What is needed
Print the listing below verbatim, passing over each picture.

Recorded information

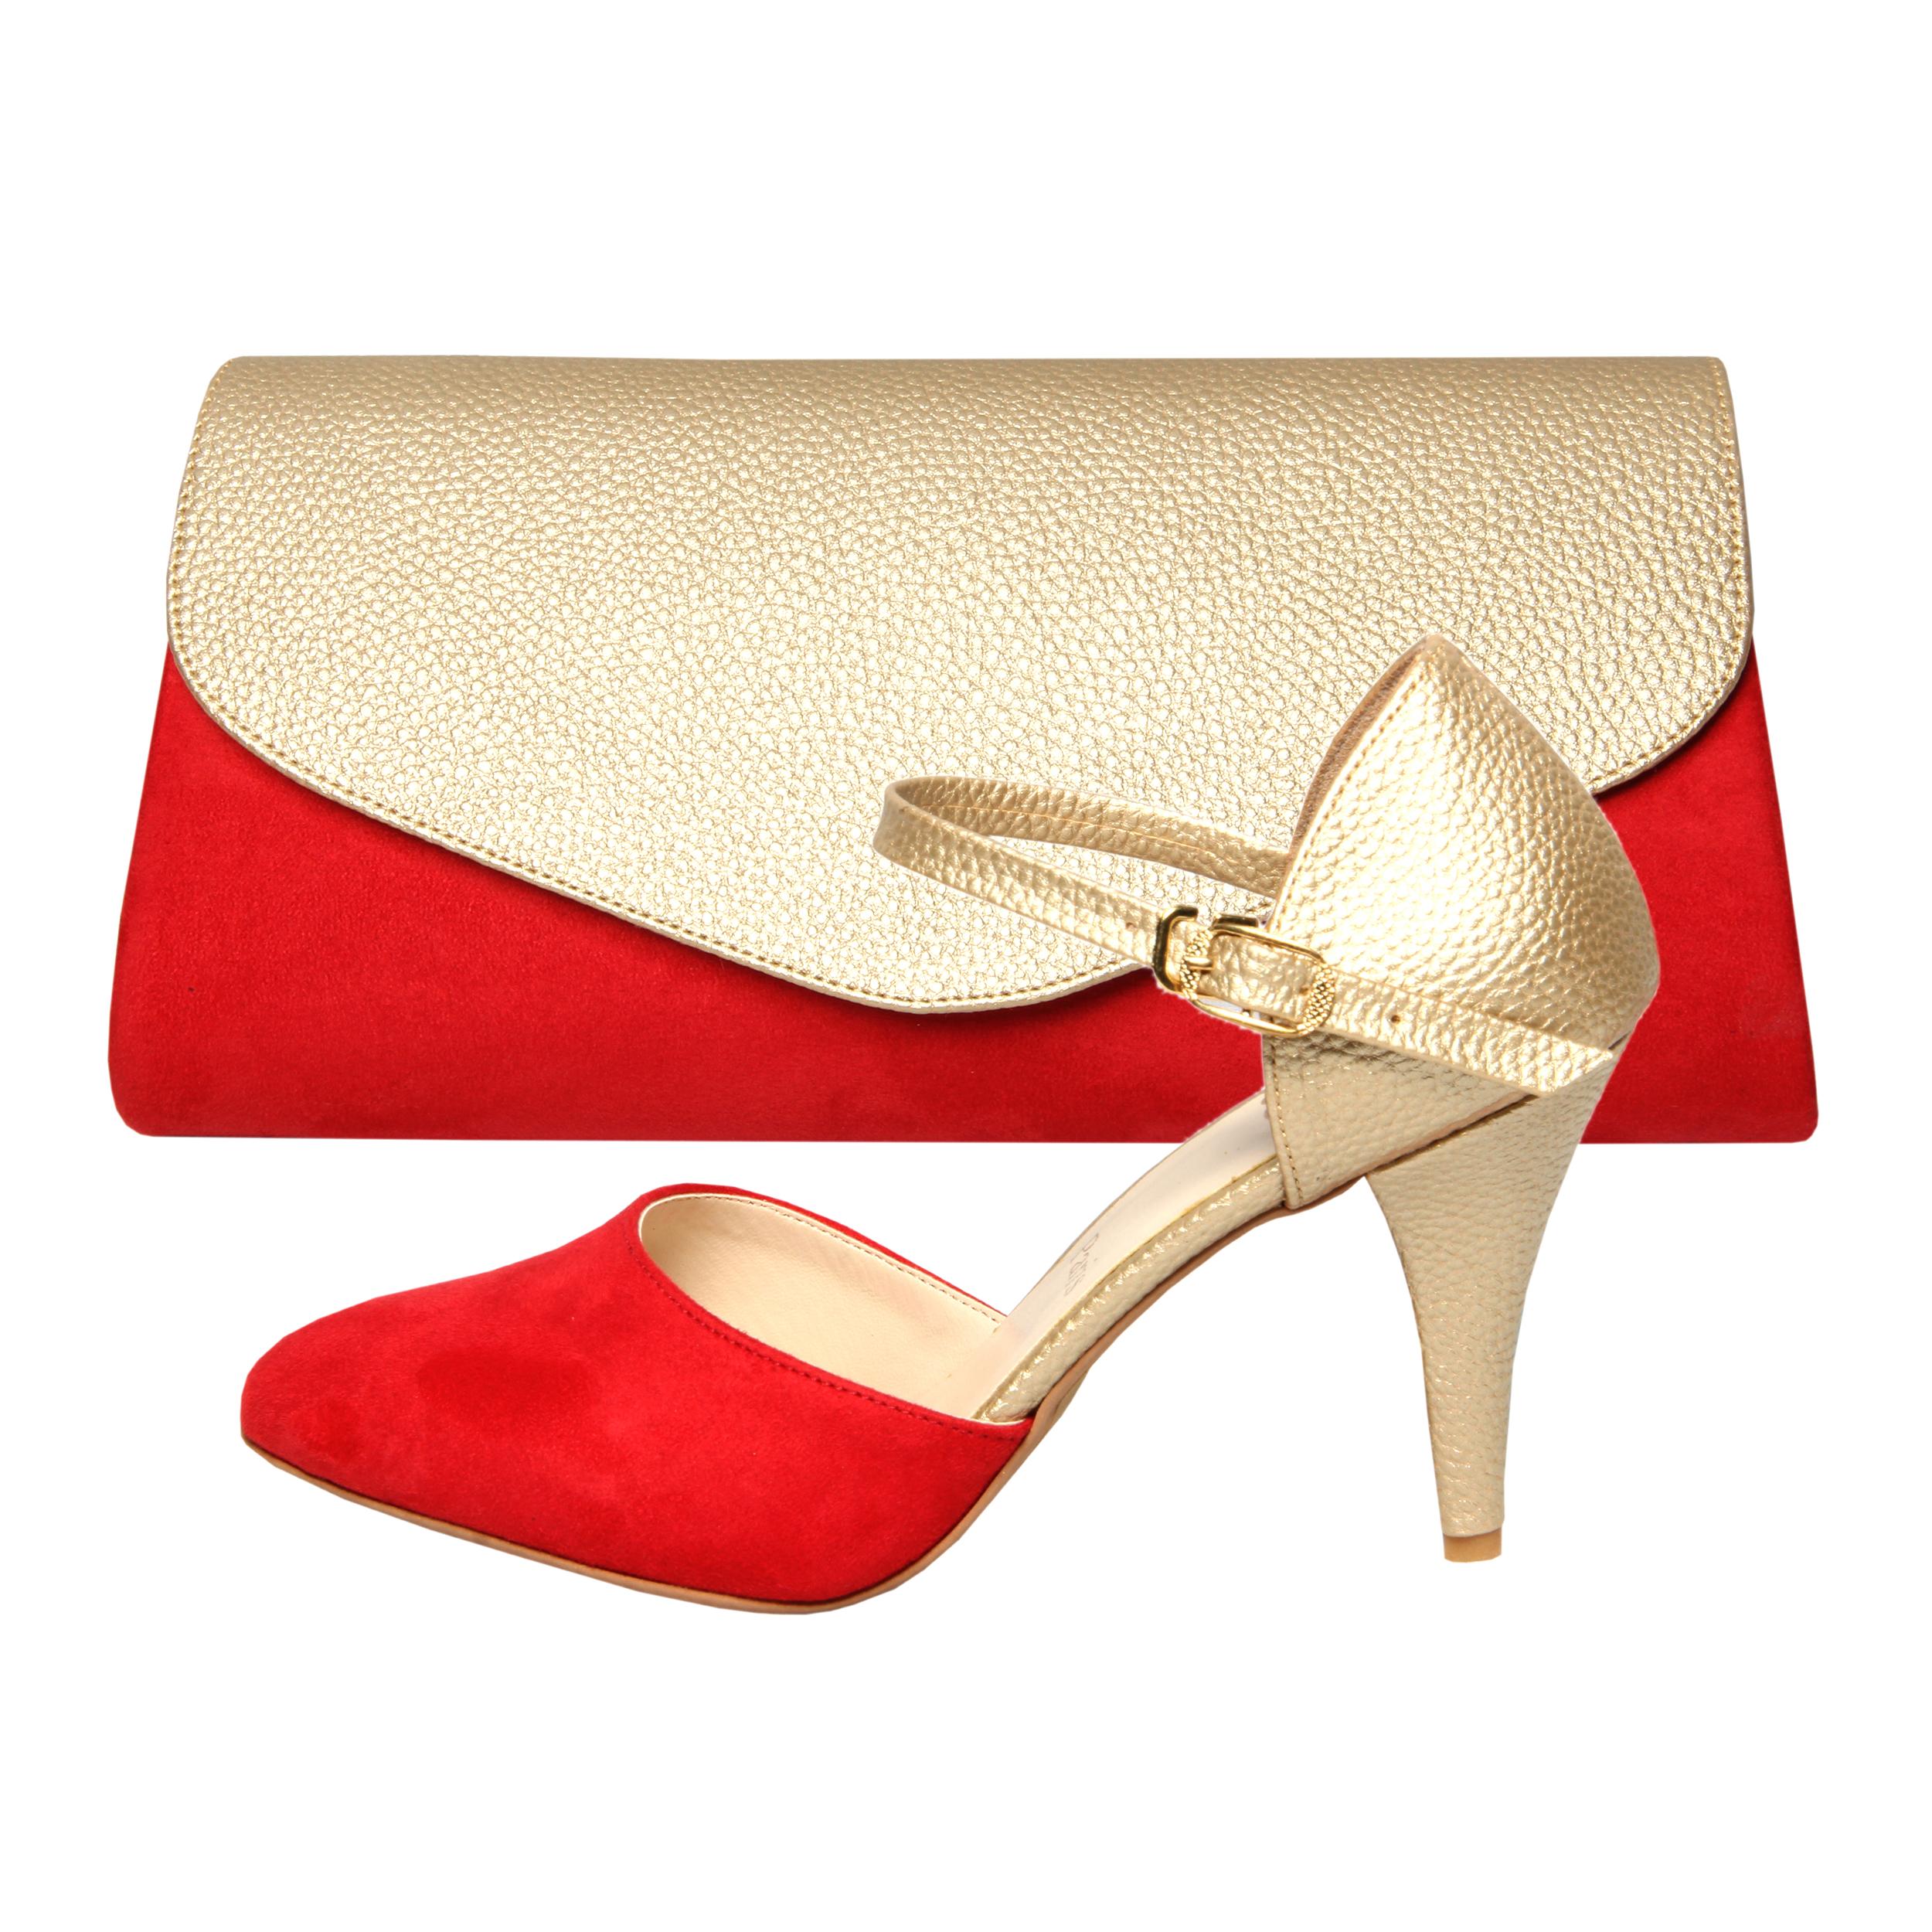 خرید                      ست کیف و کفش زنانه کد st470 رنگ قرمز
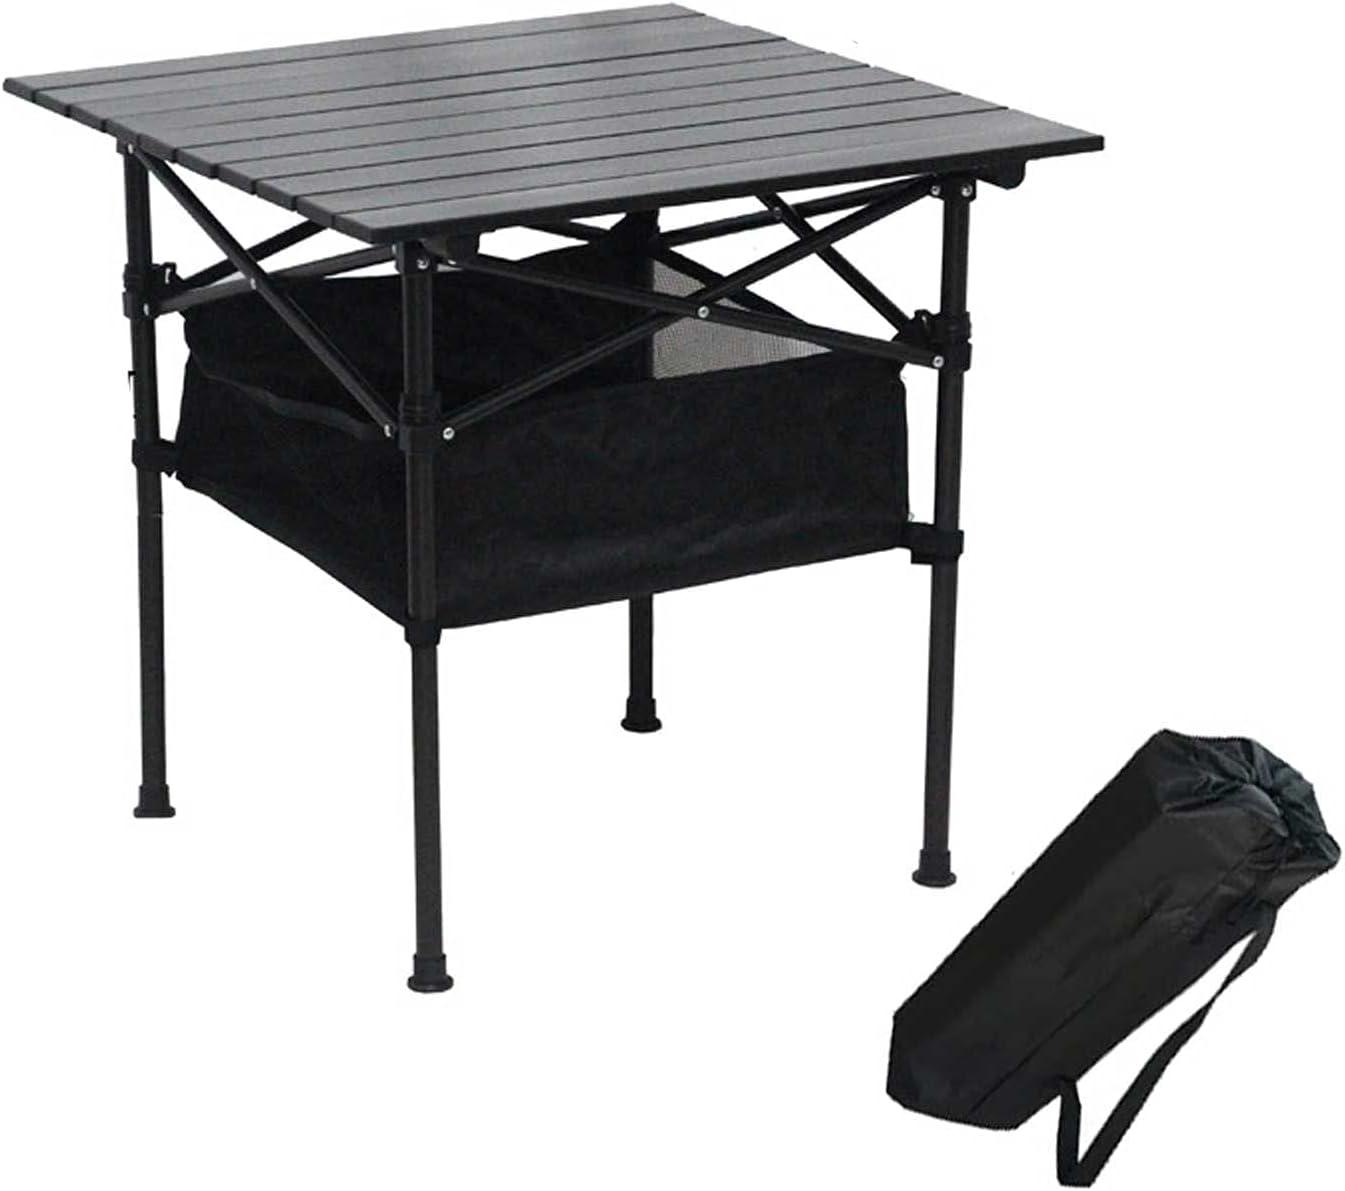 Compacto para Exteriores Mesa Camping,Mesa Plegable Jardin con Función De Almacenamiento,Tablero De Aluminio, Utilizado para Acampar En La Playa
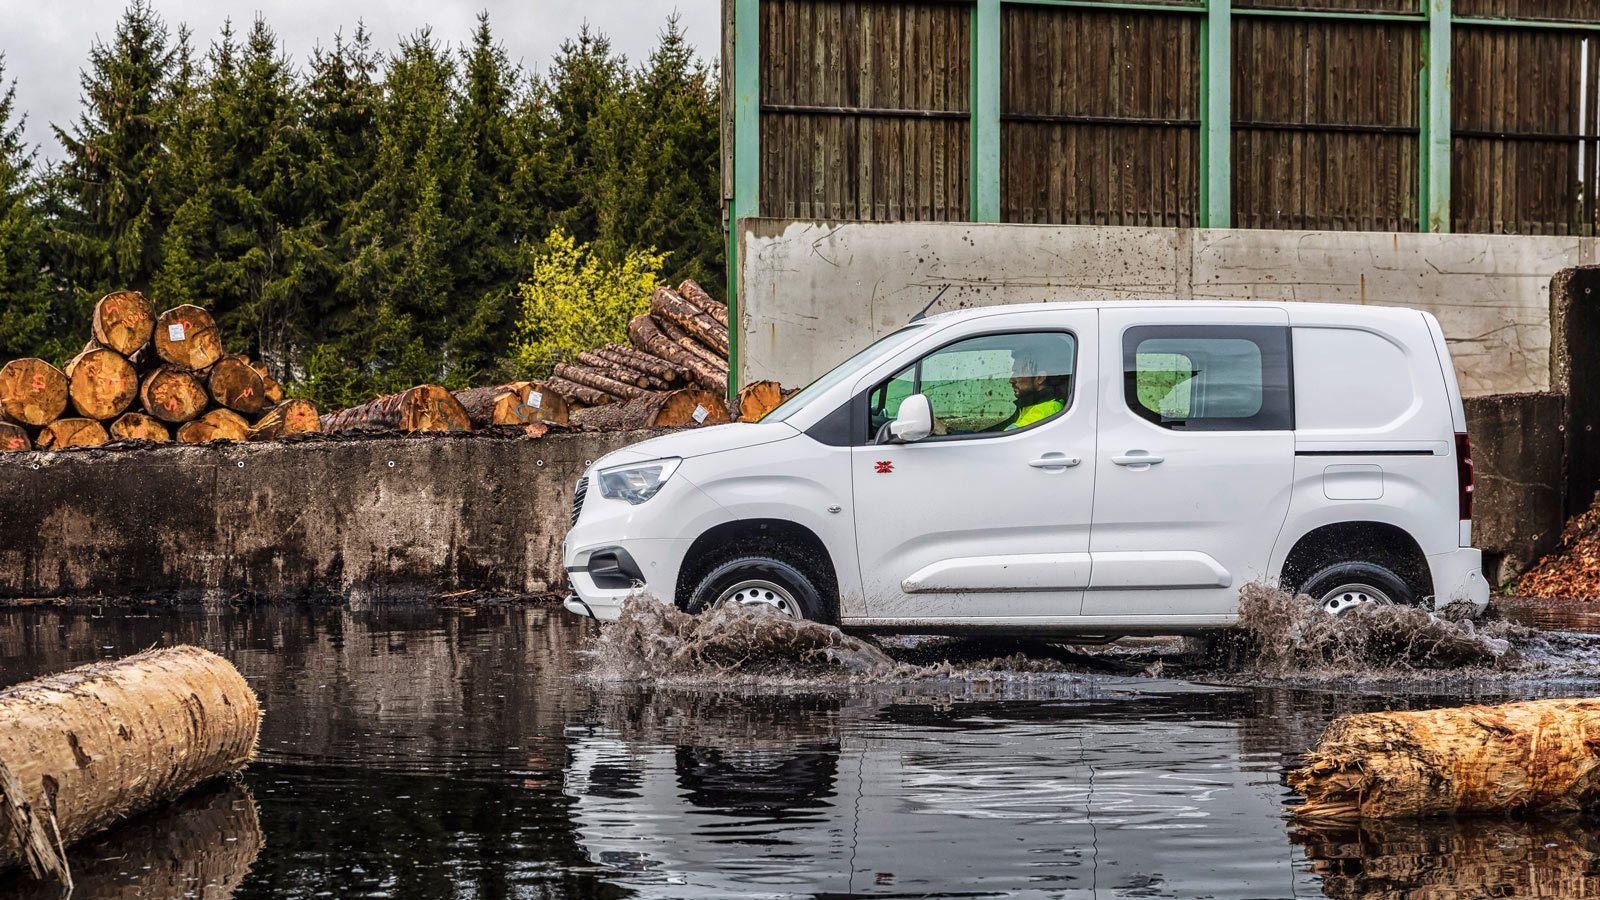 Opel Combo 4WD w wodzie, głęboka kałuża

Exercise answer
 خرید                      ست کیف و کفش زنانه کد st470 رنگ قرمز
 Compacto para Exteriores Mesa Camping,Mesa Plegable Jardin con Función De Almacenamiento,Tablero De Aluminio, Utilizado para Acampar En La Playa
 Opel Combo 4WD w wodzie, głęboka kałuża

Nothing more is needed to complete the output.